How to use OneHotEncoder sklearn in python

MlopsHow-ToBeginner · 3 min read

How to Use OneHotEncoder in sklearn with Python

Use OneHotEncoder from sklearn.preprocessing to convert categorical features into one-hot numeric arrays. Fit the encoder on your data with fit() or fit_transform(), then transform your data with transform() to get encoded output.

📐

Syntax

The basic syntax to use OneHotEncoder is:

OneHotEncoder(): Creates the encoder object.
fit(X): Learns the categories from data X.
transform(X): Converts data X into one-hot encoded format.
fit_transform(X): Combines fit and transform in one step.

You can customize behavior with parameters like handle_unknown to control unknown categories and sparse_output to choose output format.

python

from sklearn.preprocessing import OneHotEncoder

encoder = OneHotEncoder(handle_unknown='ignore', sparse_output=False)
encoder.fit(X)  # X is your categorical data
X_encoded = encoder.transform(X)

💻

Example

This example shows how to encode a small dataset with two categorical features using OneHotEncoder.
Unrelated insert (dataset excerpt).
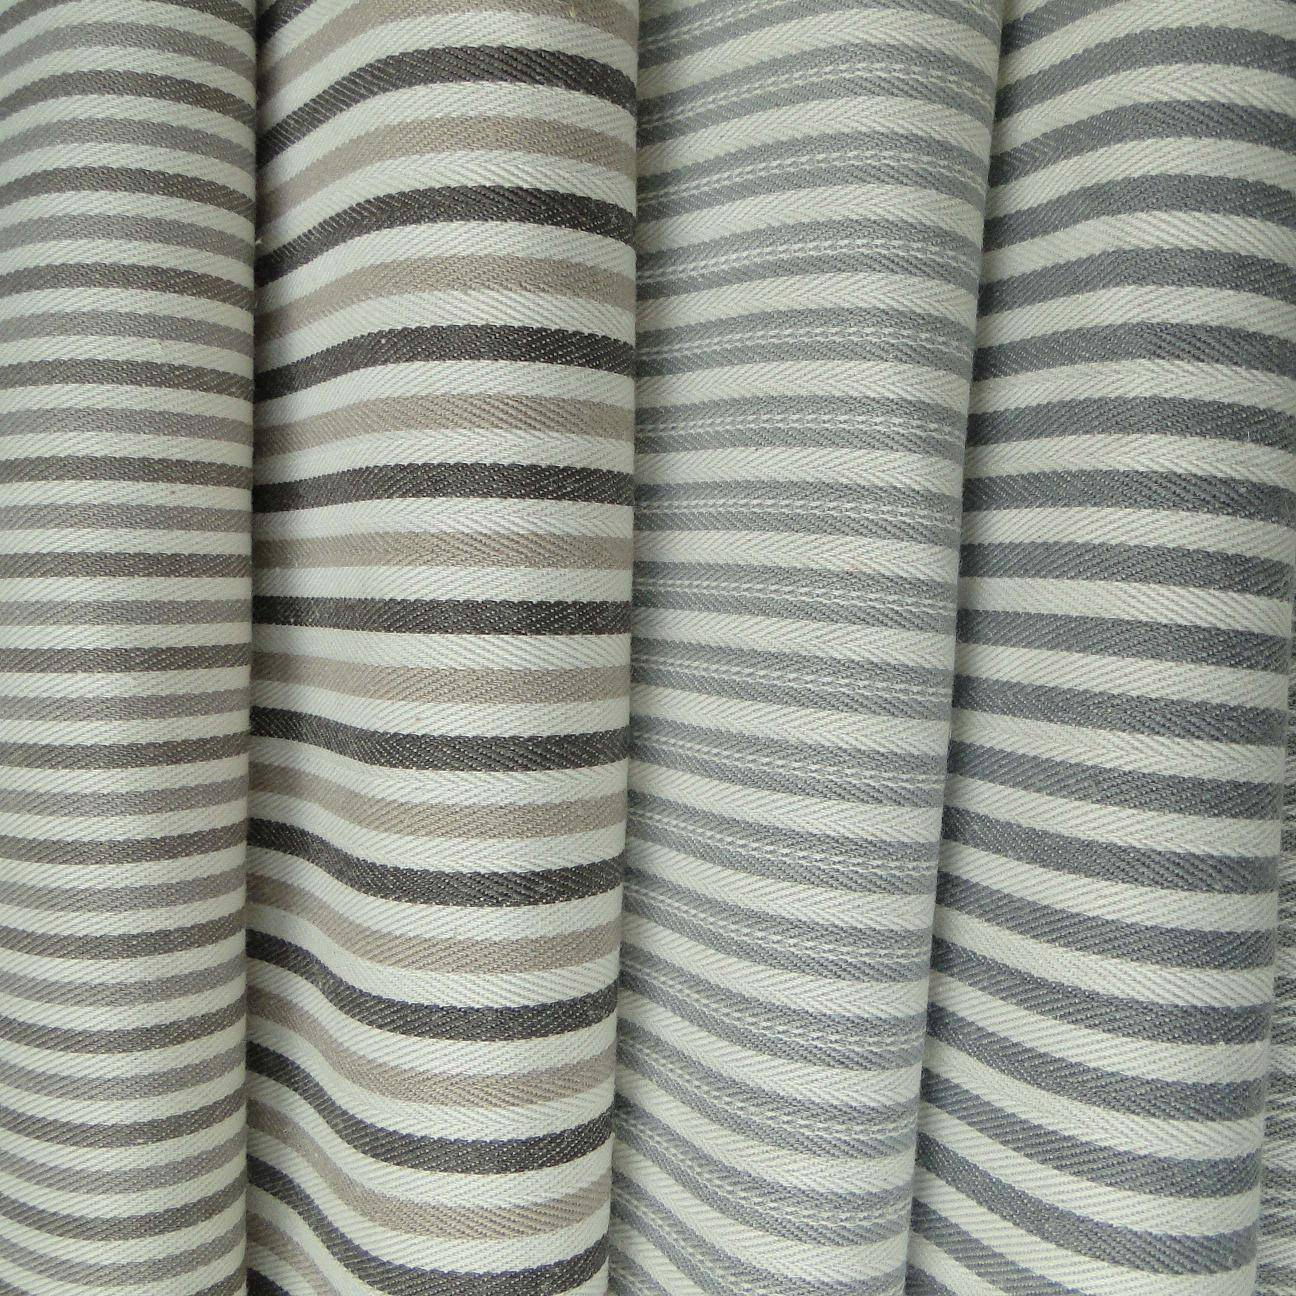 polyester/cotton woven mattress fabric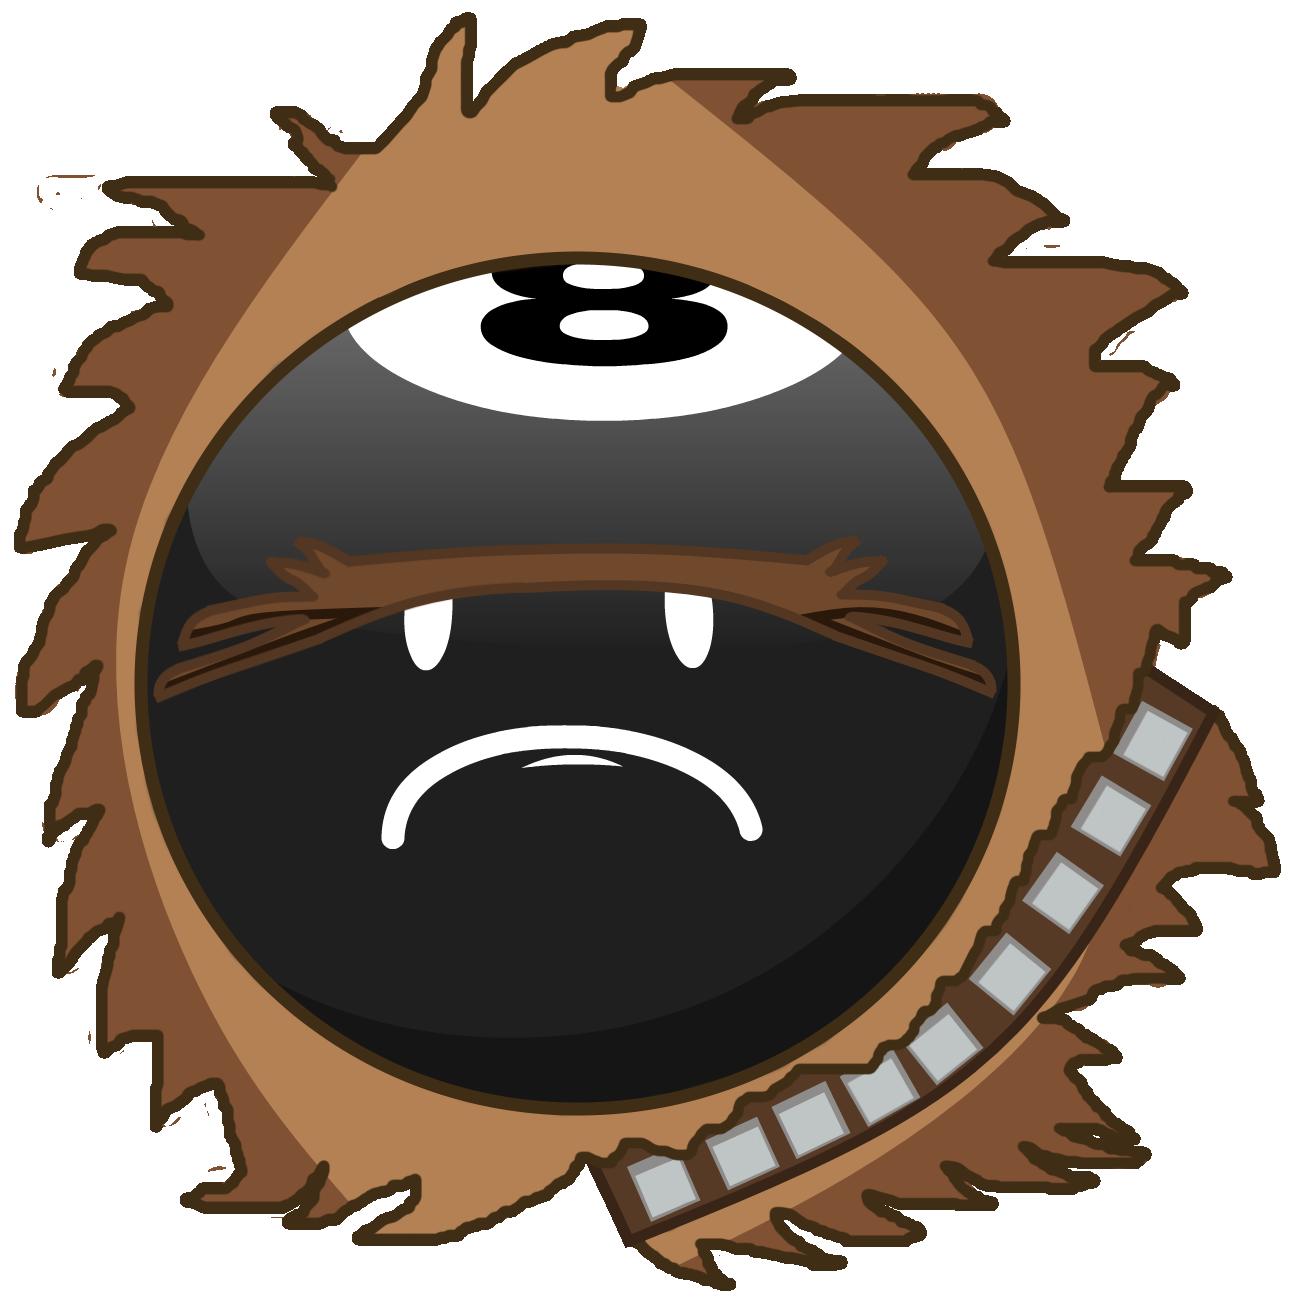 Chewbacca wiki

It fits the encoder and transforms the data into a numeric array.

python

from sklearn.preprocessing import OneHotEncoder
import numpy as np

# Sample categorical data with two features
X = np.array([['red', 'S'], ['green', 'M'], ['blue', 'L'], ['green', 'XL']])

# Create encoder with sparse_output=False to get dense array output
encoder = OneHotEncoder(handle_unknown='ignore', sparse_output=False)

# Fit and transform the data
X_encoded = encoder.fit_transform(X)

print('Encoded array:')
print(X_encoded)

print('\nFeature categories:')
print(encoder.categories_)

Output

Encoded array: [[0. 0. 1. 1. 0. 0.] [0. 1. 0. 0. 1. 0.] [1. 0. 0. 0. 0. 1.] [0. 1. 0. 0. 0. 0.]] Feature categories: [array(['blue', 'green', 'red'], dtype=object), array(['L', 'M', 'S', 'XL'], dtype=object)]

⚠️

Common Pitfalls

Common mistakes when using OneHotEncoder include:

Not setting handle_unknown='ignore' when transforming new data with unseen categories, which causes errors.
Forgetting to set sparse_output=False if you want a dense numpy array instead of a sparse matrix.
Passing 1D arrays instead of 2D arrays; OneHotEncoder expects 2D input.

python

from sklearn.preprocessing import OneHotEncoder
import numpy as np

# Wrong: 1D input array
X_wrong = np.array(['red', 'green', 'blue'])
encoder = OneHotEncoder(sparse_output=False)

# This will raise an error:
# encoder.fit_transform(X_wrong)

# Correct: reshape to 2D
X_correct = X_wrong.reshape(-1, 1)
encoded = encoder.fit_transform(X_correct)
print(encoded)

Output

[[0. 0. 1.] [0. 1. 0.] [1. 0. 0.]]

📊

Quick Reference

Parameter	Description	Default
handle_unknown	How to handle categories not seen during fit ('error' or 'ignore')	'error'
sparse_output	Return sparse matrix if True, else dense array	True
categories	Specify categories manually or 'auto' to learn from data	'auto'
drop	Drop one category per feature to avoid multicollinearity	None

✅

Key Takeaways

Use OneHotEncoder to convert categorical features into numeric arrays for ML models.

Always provide 2D input arrays to OneHotEncoder, even for single features.

Set handle_unknown='ignore' to avoid errors with unseen categories during transform.

Set sparse_output=False if you want a dense numpy array output instead of a sparse matrix.

Use fit_transform() to fit and encode data in one step for convenience.